I'd pinpoint the shift from 'ethical-ish' to 'unethical-ish' at about the time they changed feed from 'friends' to 'relevant for you' which is basically 'what our bidders want you to see'
here comes the lawsuit settlement: $147 Million for the lawyers, $5 million for the state and $3 million total for the users that spend 10 hours filling forms.
In other words, this is ineffective. I hope EU cripples them, not even $5B FTC fines scare them.
It appears limited according to the article because of an existing statute found in Illinois law.
Does anyone know if other states have similar laws? Wonder what type of momentum would have to manifest for other state legislatures to get a similar bill into committee for debate
A related effort is restricting what state and local gov can do with facial recognition. The cities of San Francisco, CA and Somerville, MA have passed ordinances, and NYC is considering it (as if the NYPD cares) but city bans obviously have major limitations.
It looks to me like momentum on facial recognition is building now. Call your state reps, tell your friends, find folks who feel the same way and make some noise.
I find this sort of litigiousness to be bullshit because it incentivizes signing up for Facebook. I can't be party to some lawsuit against Facebook if I don't have an account ("users").

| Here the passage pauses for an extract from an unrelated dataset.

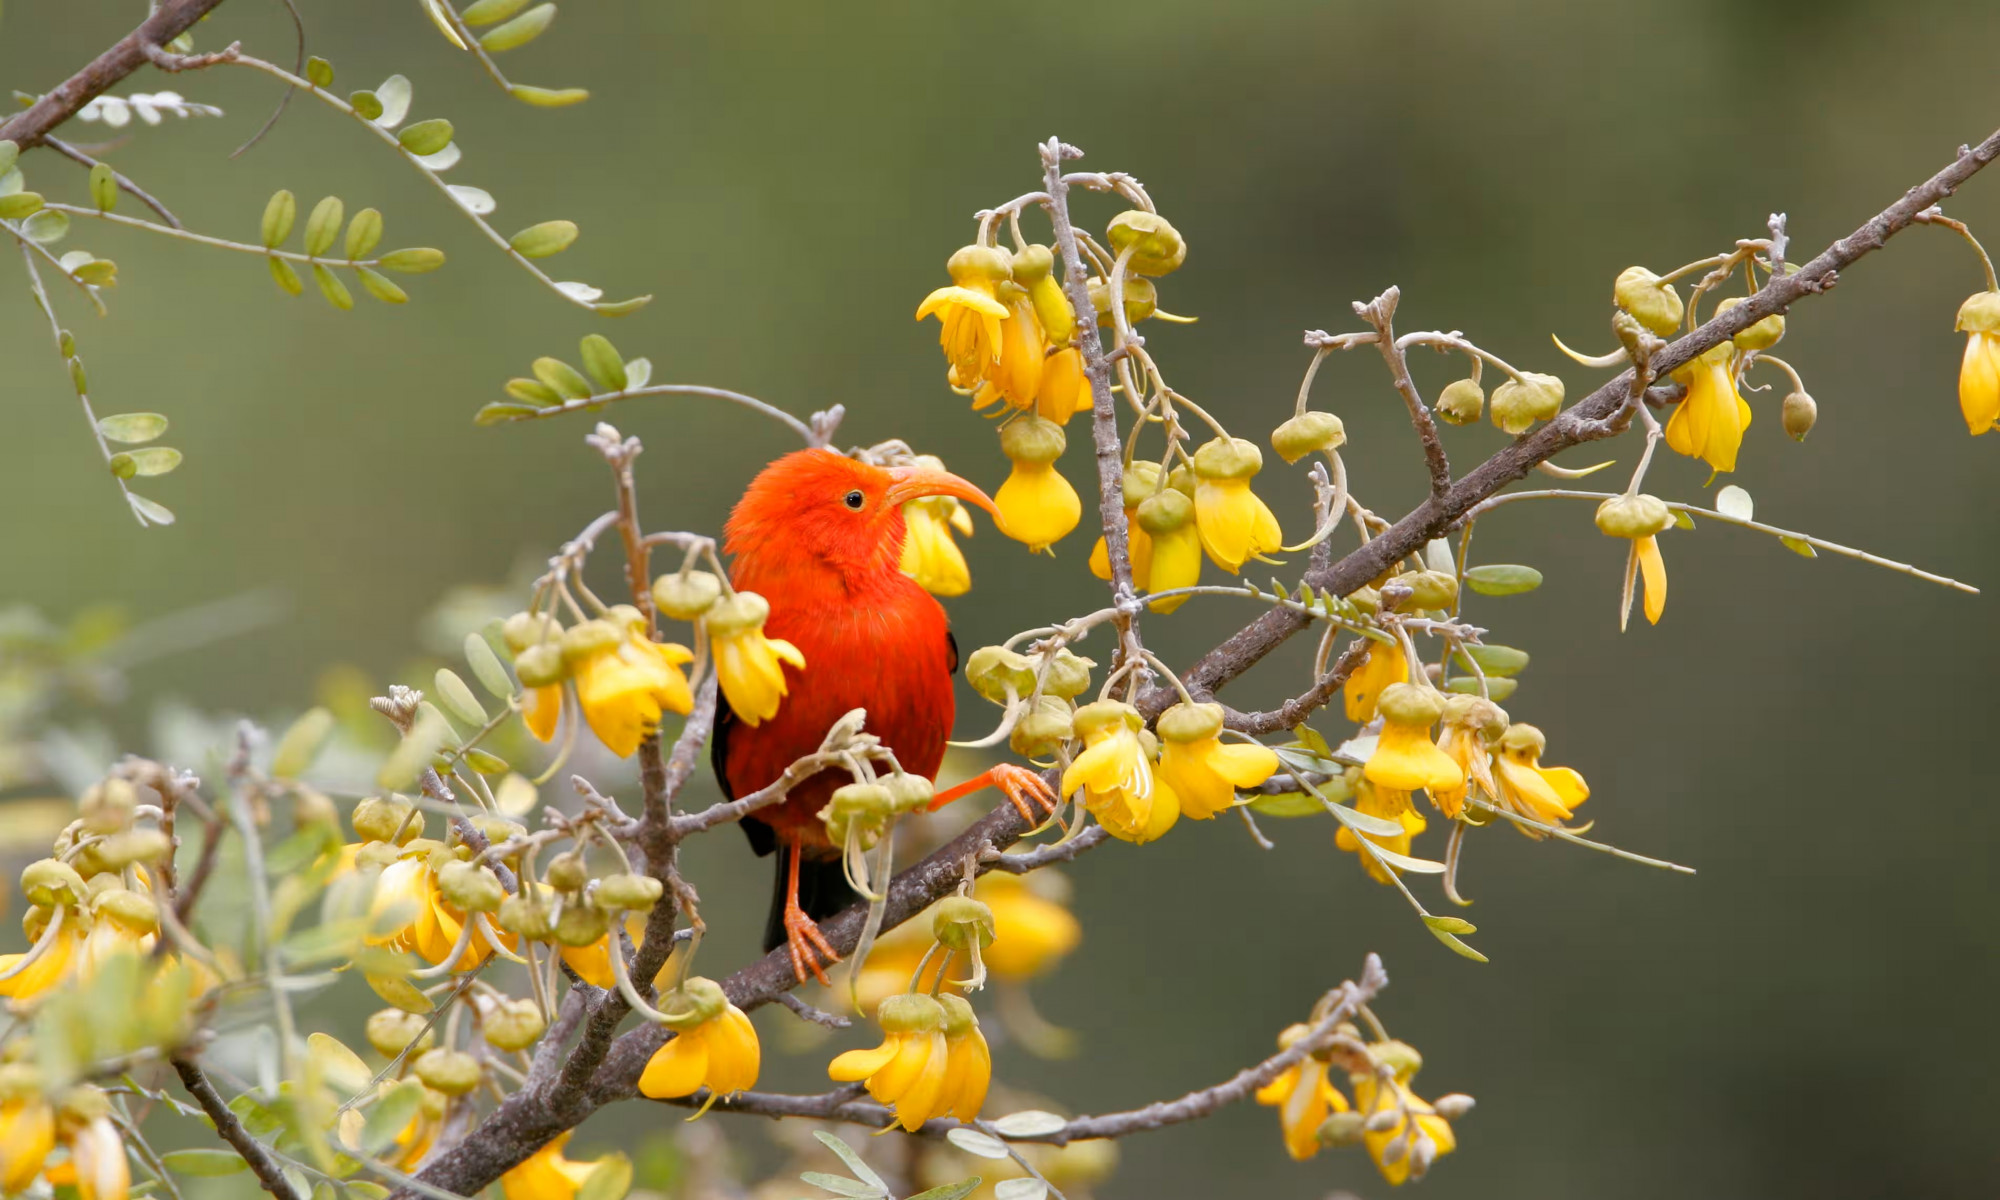 Loài chim honeycreeper đỏ tươi với tên gọi 'i'iwi có 90% nguy cơ tử vong nếu bị muỗi nhiễm bệnh sốt rét đốt - Ảnh: Alamy

I deleted my Facebook a few years ago, so if some class-action suit comes out for people who were users in 2018+, where's my payout? How is such a system fair to people who had the sense to either delete before whatever time horizon is used in a case or people who never created an account? None of these people who could win the lottery in court suffered a real loss.
I don't. I don't think anyone is entitled to a payout, as Facebook users did not pay Facebook causing some sort of breach of contract. They are owed nothing IMO.

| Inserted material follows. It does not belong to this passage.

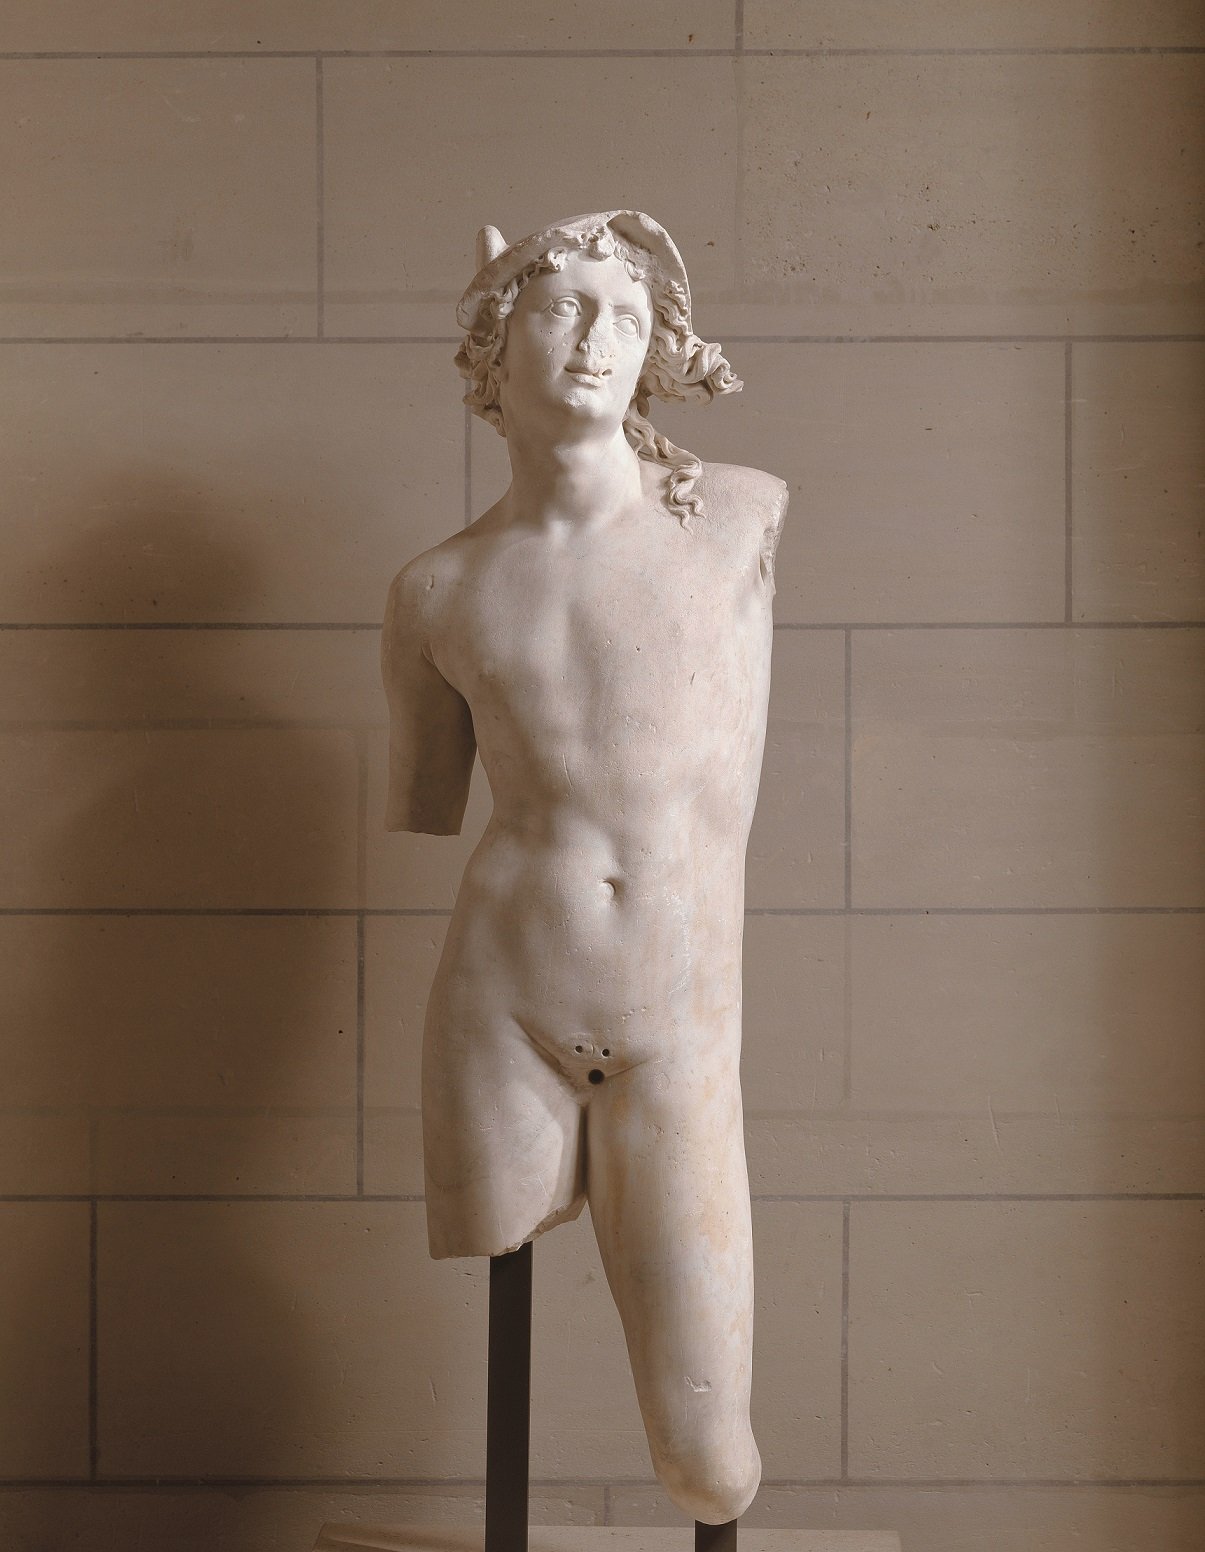 Baccio Bandinelli “Mercury" , before 1512. Marble. Paris, Musée du Louvre, Département des Sculptures

Yet the legal system gives people an incentive here to sign up for free services so they can one day reap the rewards when Free Service X slips up and breaks State Law Y. Admittedly, the rewards will be small. But nonetheless, it is an incentive and aggregated across society it isn't nothing.
This sort of litigious behavior just slides us further and further into a culture of dishonesty and makes a mockery of the justice system.
Also, let me be more specific given there's another thread on here about this. What makes anyone think they're entitled to "$5,000" for signing up for a free service and uploading their photos to it? This is absurd. Please explain specifically how running a facial recognition algorithm on person's photos is equivalent to "$5,000" worth of damages. Where did that number come from? Why not $1 or $1,000,000?
Possessing a picture of someone's face is OK, but creating a model that represents that face is not OK if that model can be compared to another picture to categorize it.
Possessing a picture of someones face is OK, and having a human create a mental model that represents that face is OK as well even if that can be compared to another picture to categorize it.
The argument seems to center around how easy/hard or expensive/cheap the process is.